Él se rio. Su risa fue un sonido enriquecedor, profundo, que tantas veces había rezado poder oír de nuevo.

—Lo prometo. ¿Trato hecho?

—Trato hecho —dijo ella, con los nervios de punta—. Ahora tengo que volver al trabajo.

Mary sabía que él la seguía con la mirada mientras regresaba a campo traviesa. No lo culparía si se lo estuviera pensando mejor. ¿Cómo podía desearla con esos pantalones y esa camisa de franela holgada, con el pelo suelto sobre los hombros como el de una indígena americana?
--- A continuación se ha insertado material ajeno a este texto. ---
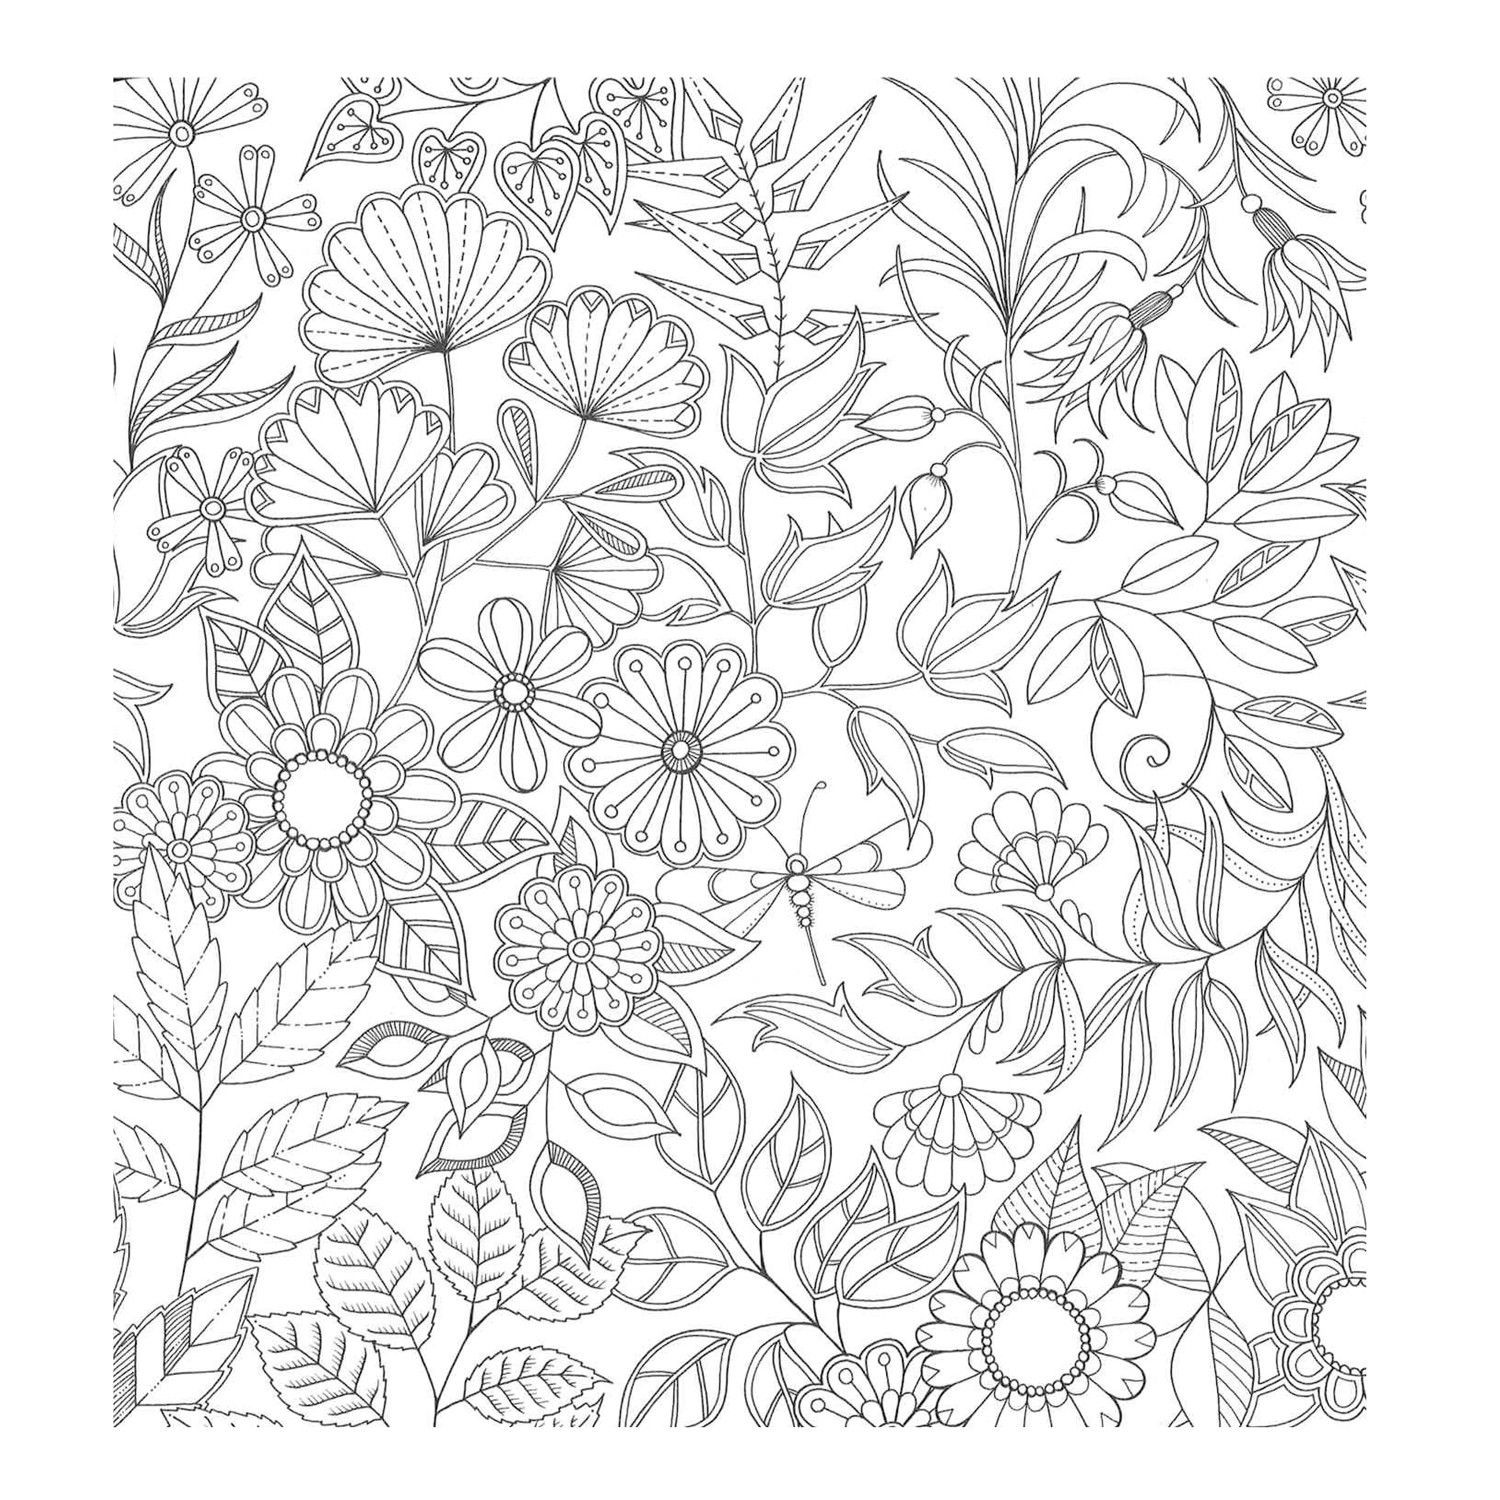 Secret Garden Coloring Pages Coloring Home Take a peek at this great artwork on johanna basford's colouring gallery! secret garden coloring pages coloring

No había ido muy lejos, cuando recordó una cosa. Se giró sobre sus talones.

—¿Y qué pasa con Lucy?

—¿Lucy? —Percy frunció el ceño, como si le costara recordar aquel nombre—. ¡Ah, Lucy! —dijo—. Le dije anoche que hay otra persona.

Mary se quedó de piedra.

—¿Le dijiste quién era?

—No, se lo ahorré. Parecía que no quería saber quién era. Le dije que era alguien a quien había querido toda la vida y que pensaba casarme con ella. Se ha ido esta mañana temprano. Ya no la veremos más por aquí.